#### WHAT THE TASK REQUIRES:
Set out word for word the line that contains "06. Молебен в" and each line after it, through the end of the data below, but exclude the pictures.

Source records
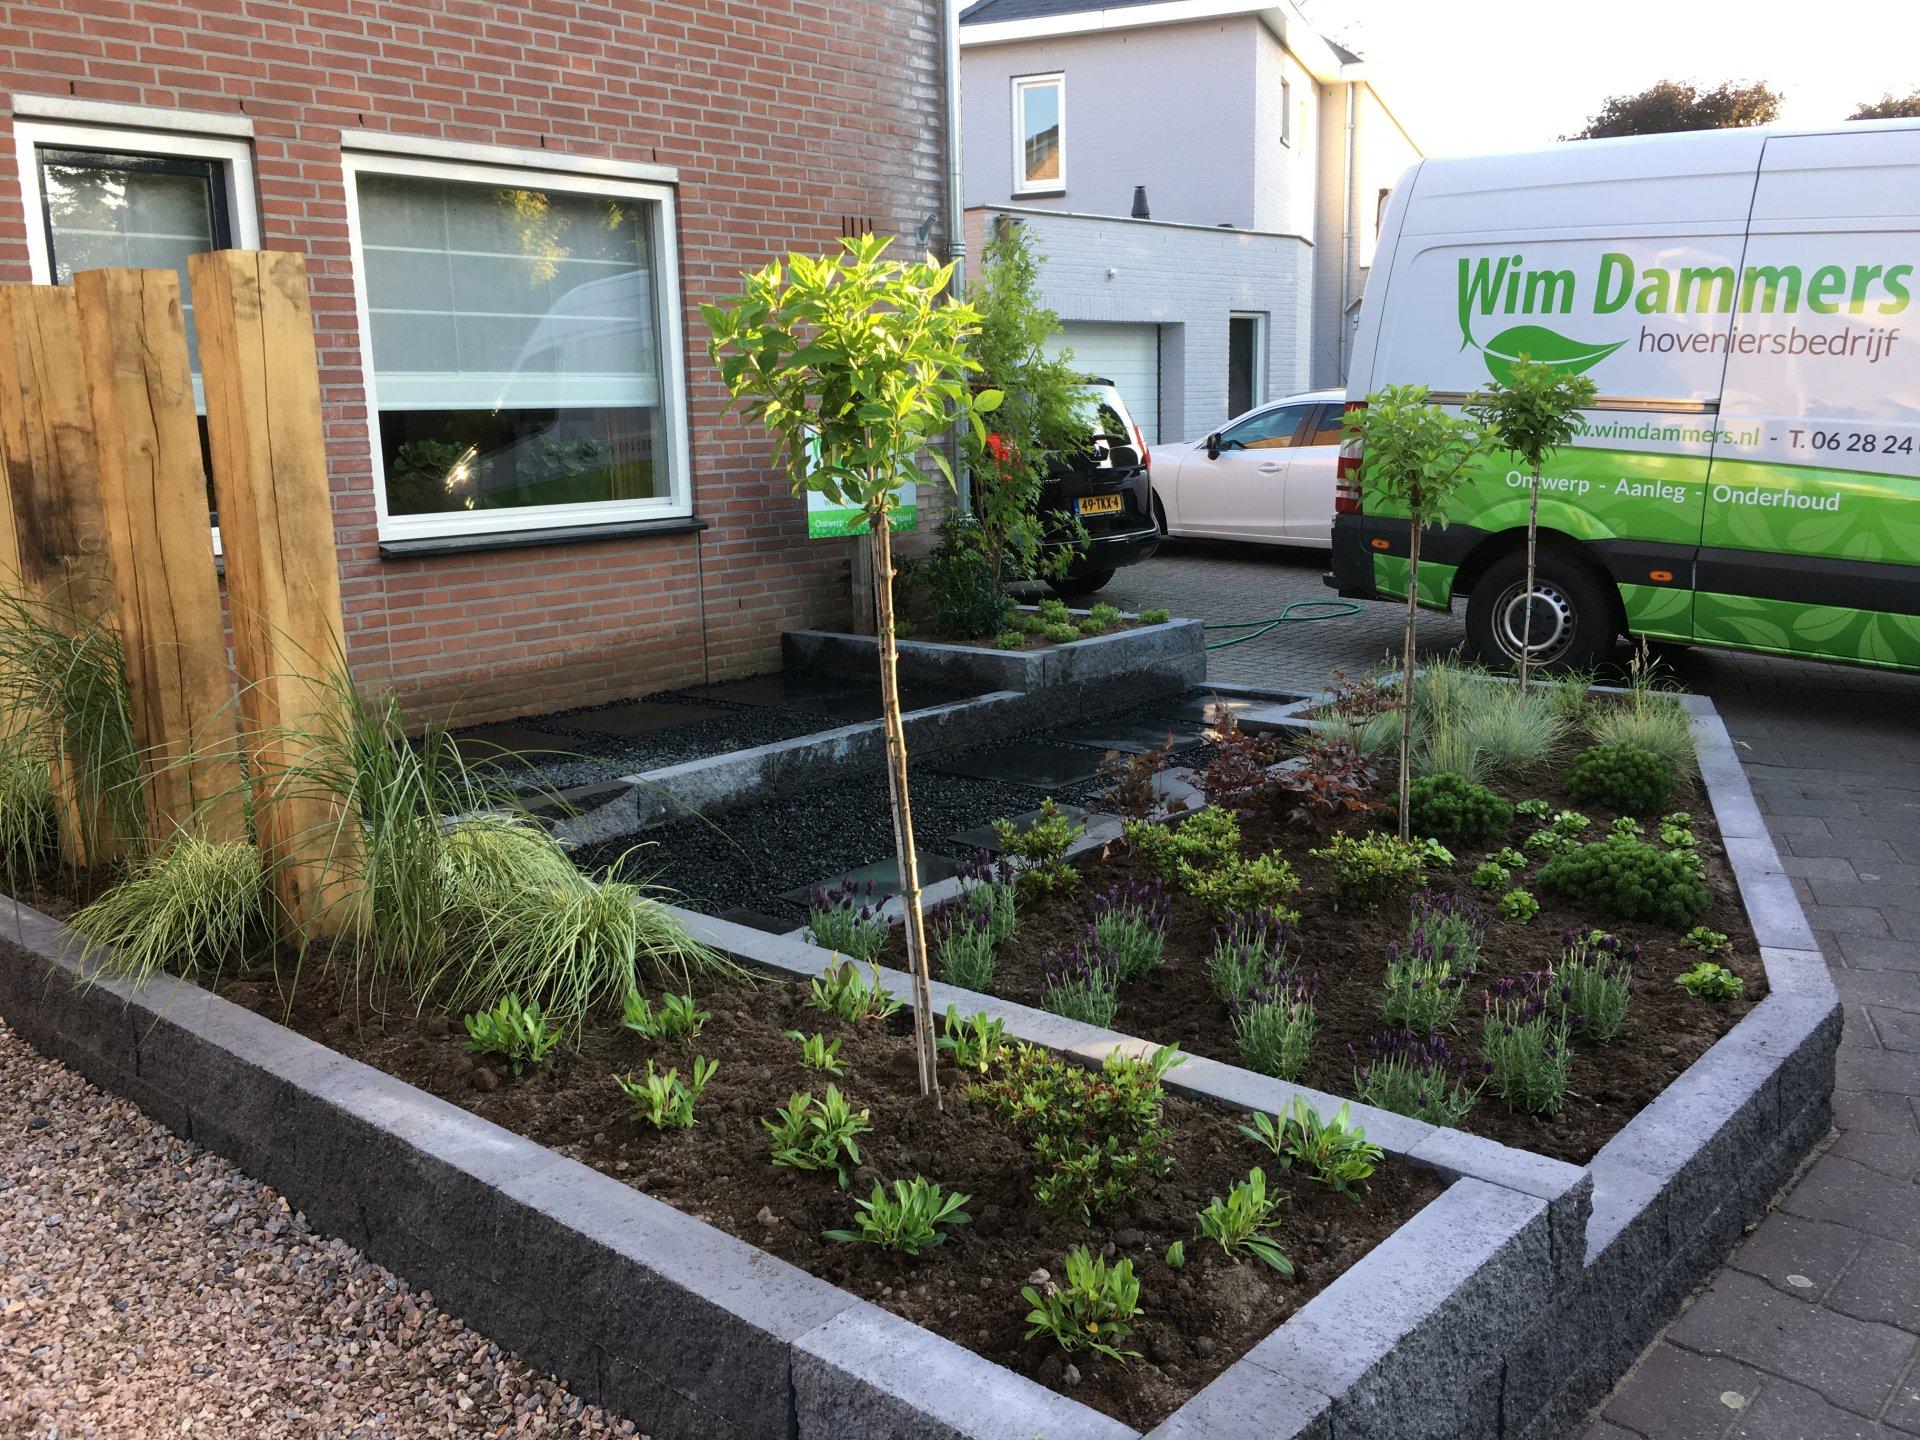 Aanleg voortuin overloon wim dammers hoveniersbedrijf for Aanleg kleine tuin
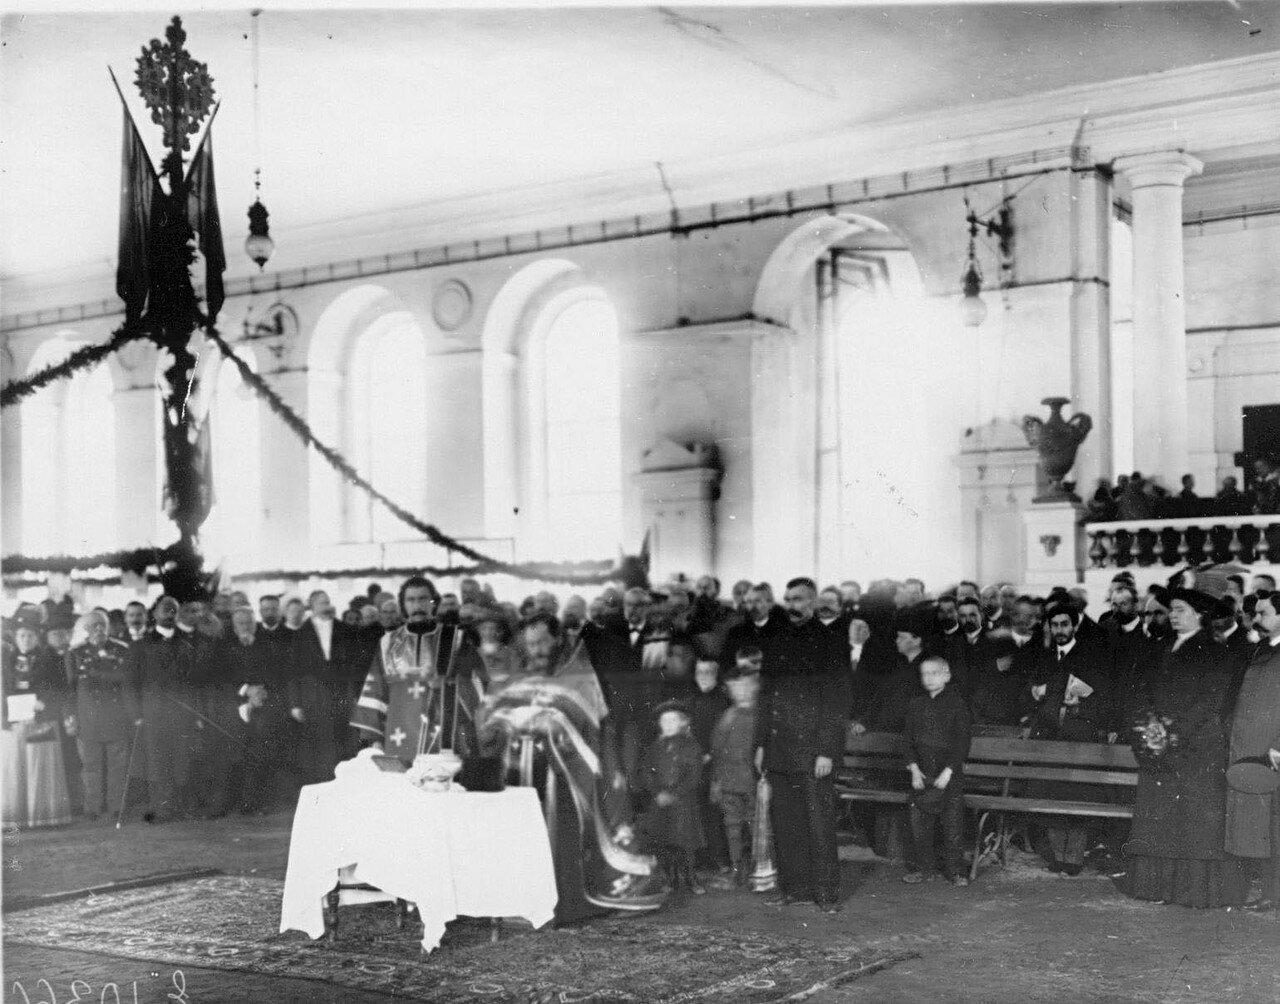 06. Молебен в выставочном зале перед открытием выставки. 1910
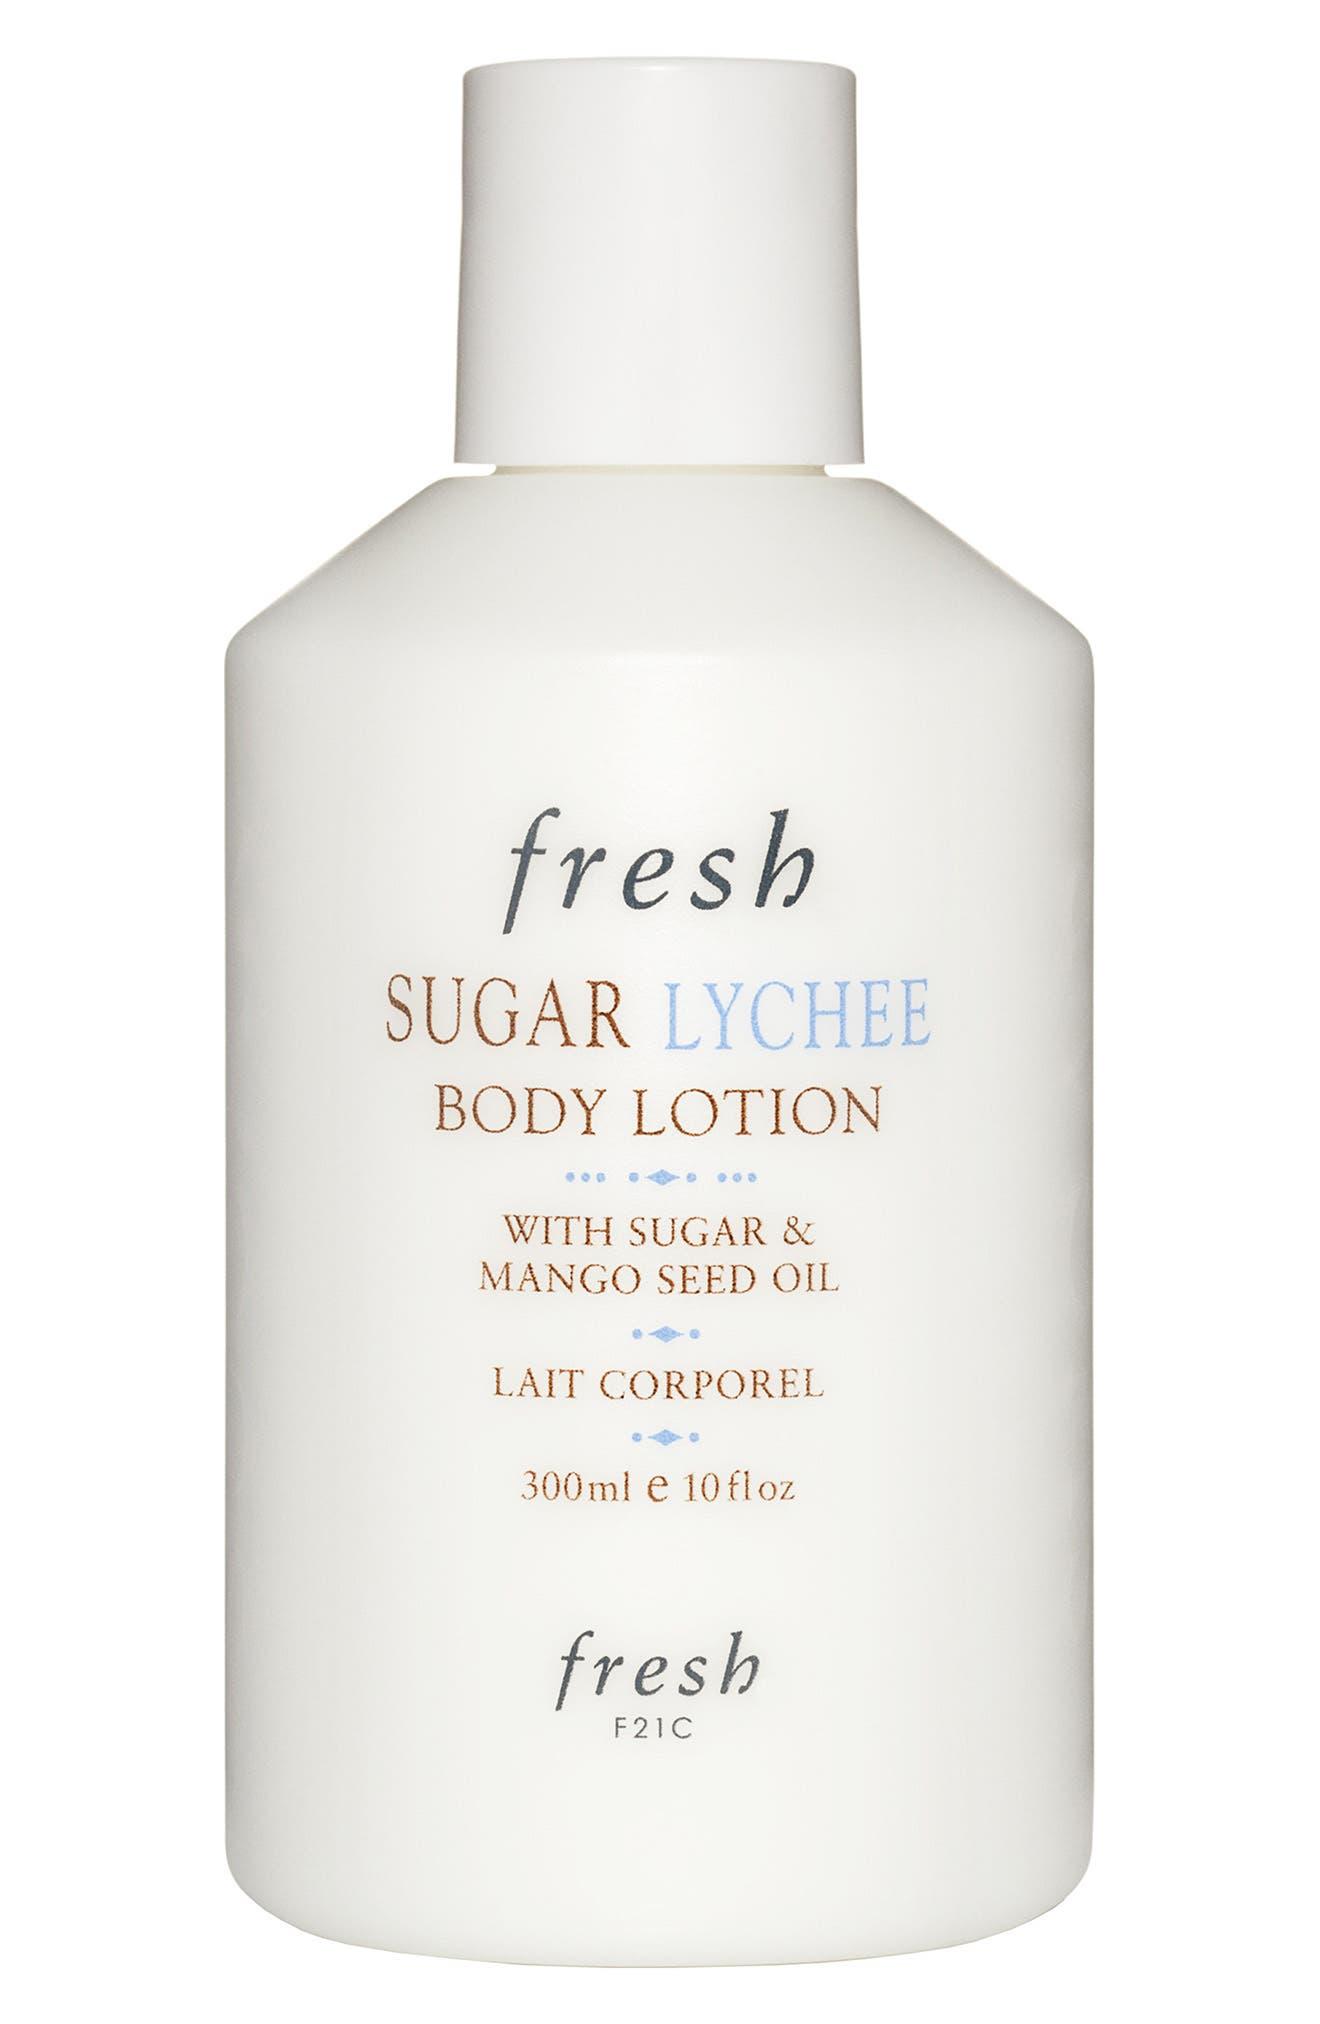 Fresh Sugar Lychee Body Lotion
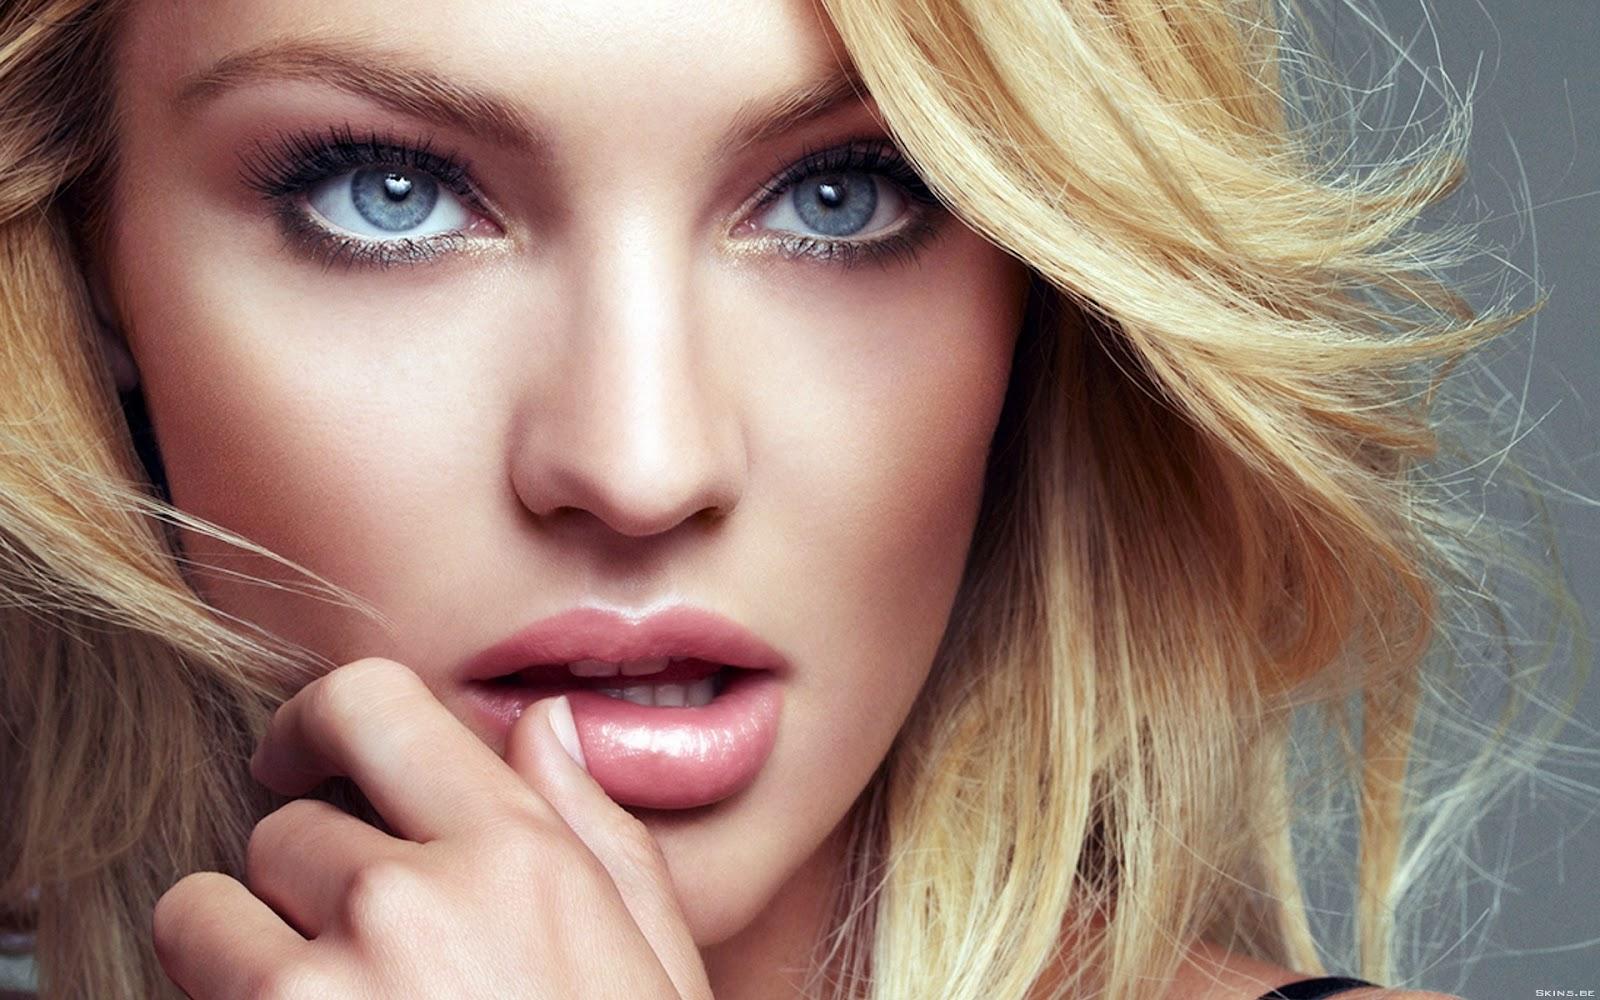 As 10 mulheres mais lindas do mundo 2014
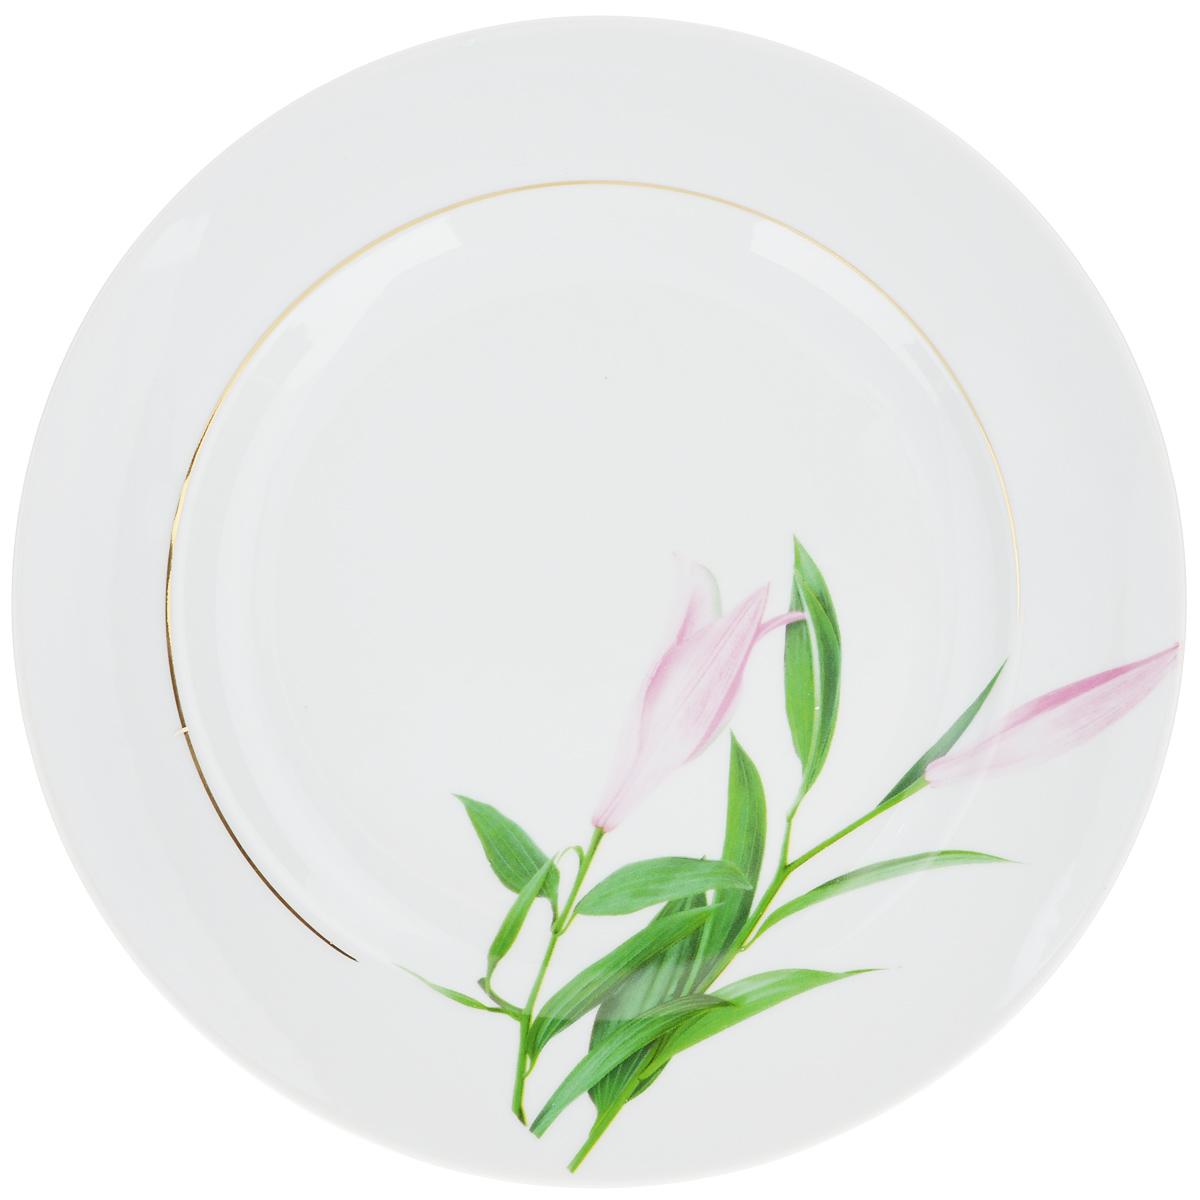 Тарелка Идиллия. Бутон, диаметр 24 см тарелка мелкая идиллия ромашка диаметр 20 см 5с0189

#### SOLUTION:
 06. Молебен в выставочном зале перед открытием выставки. 1910
 Fresh Sugar Lychee Body Lotion
 As 10 mulheres mais lindas do mundo 2014
 Тарелка Идиллия. Бутон, диаметр 24 см тарелка мелкая идиллия ромашка диаметр 20 см 5с0189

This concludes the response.